AWOL Marine: Is There a Form I Can Sign?

Ms. Vicki
Ms. Vicki

Dear Ms. Vicki,

I just couldn't take the Marine Corps anymore. I hated boot camp, where they crammed things down my throat, trying to brainwash me and make me think differently.

I refused to believe the Marine Corps should consume my life, but still I completed boot camp and reported to my assignment at Camp Lejeune.

I hate everything about North Carolina! The people are so backward and slow. I just left my desk and walked out the door, and I haven't looked back since because I was miserable.

I'm 22 years old, and I know it was a mistake for me to join in the first place. I don't want to give my current location, but I left my duty assignment and I'm not going back.

My girlfriend said her uncle was in the Army a long time ago, and when he went AWOL he completed a form that tells why you don't want to be in the military anymore. And after the Defense Department processes the form, it will leave you alone. It would be like you were never in the military in the first place.

Do you have a way to check this for me? Is this true? I'm won't ever go back, but I need to breathe a sigh of relief and stop lying to my parents about why I'm not a Marine. They think I was released because of downsizing.

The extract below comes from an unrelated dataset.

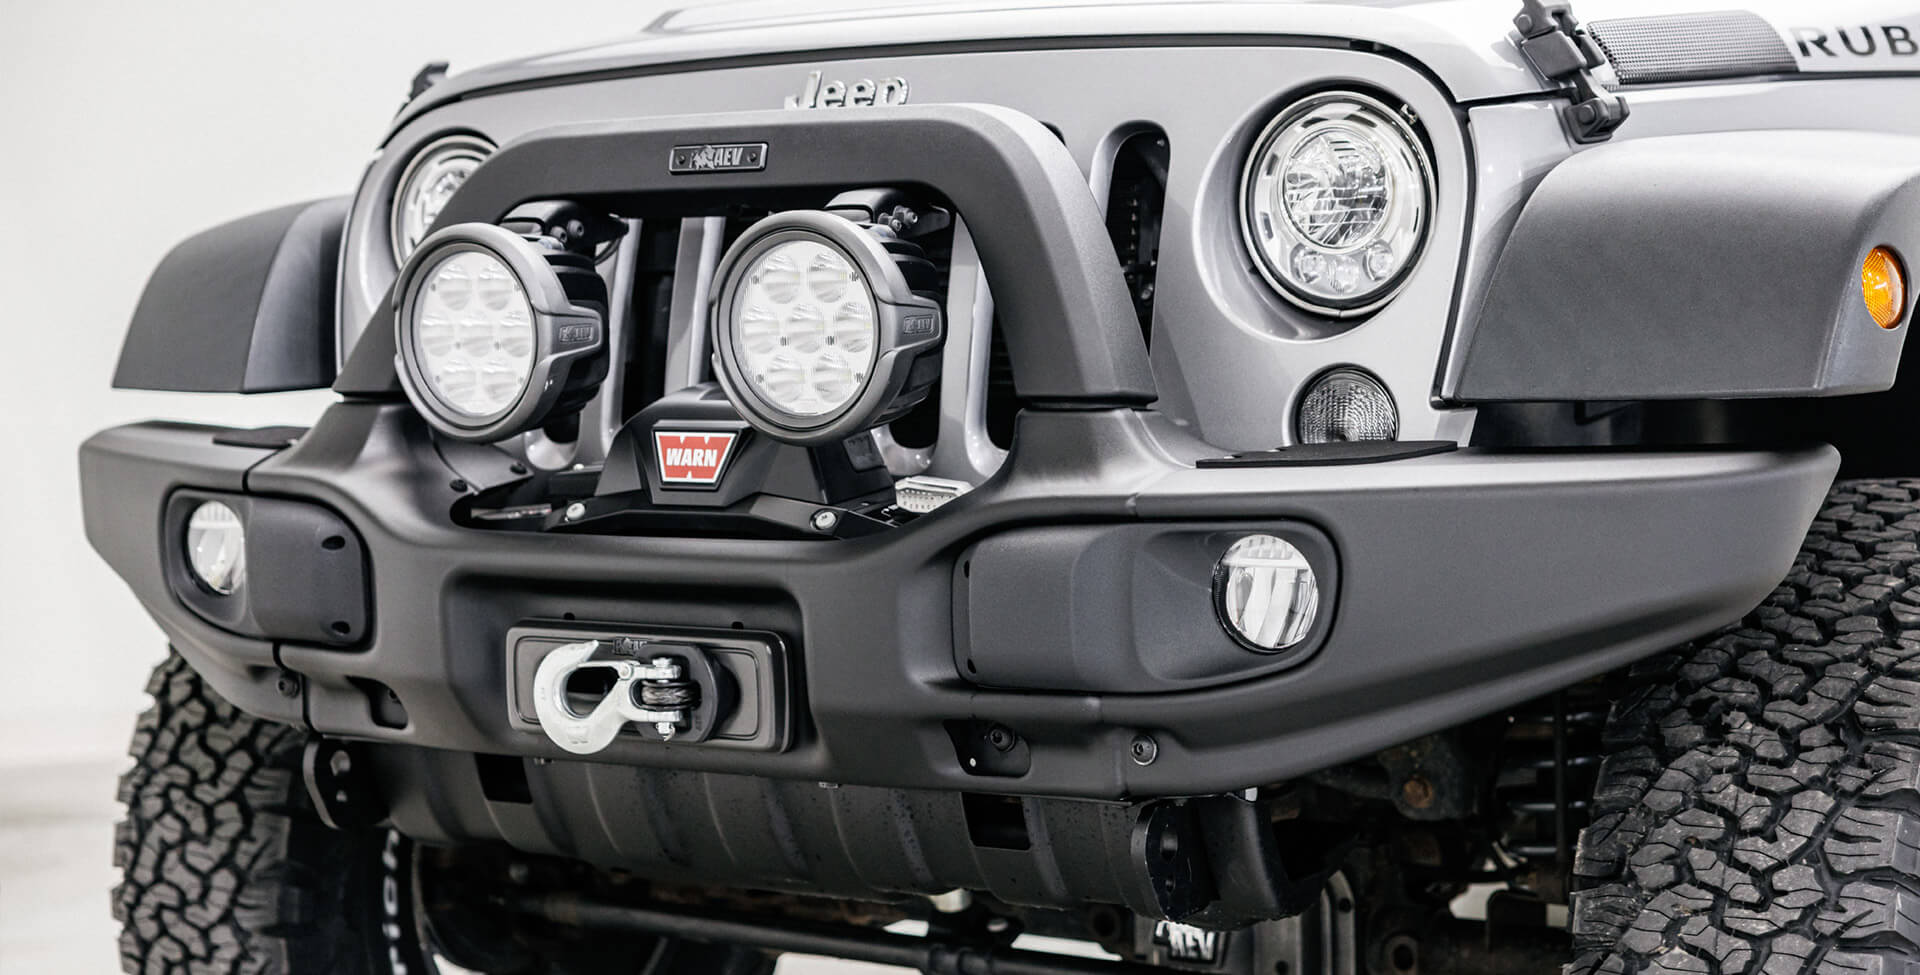 EX/RX Front Bumper for JK Wrangler - American Expedition Vehicles

-- Jordan (not my real name)

Dear Jordan,

What happened so quickly after reporting to your first duty station that has you so fed up that you went UA (Unauthorized Leave)/AWOL (Absent Without Official Leave)?

You must know that going AWOL or UA is illegal and punishable by the Uniform Code of Military Justice.

Furthermore, there is no form or document to submit to the DoD that will erase your enlistment. Eventually, you could be declared a deserter, which carries much harsher penalties.

In the post-9/11 period, I have met at least five service members who were AWOL ranging from one to three years. All of them had moved on with their lives, to include employment, pursuing their education, or taking up business opportunities.

They all said they were always looking over their shoulders in fear. Eventually, each one was stopped for a routine traffic violation, an expired yearly car registration, etc. They were arrested and eventually returned to their unit to face their punishment.

I can't demand that you return to Camp Lejeune. However, my advice would be for you to tell your parents the truth, talk to your spiritual adviser, an older close friend or family member, or a military mentor.

You should receive good counsel in talking to one these individuals. Thank you for writing to me. Keep in touch and let me know what you decide to do.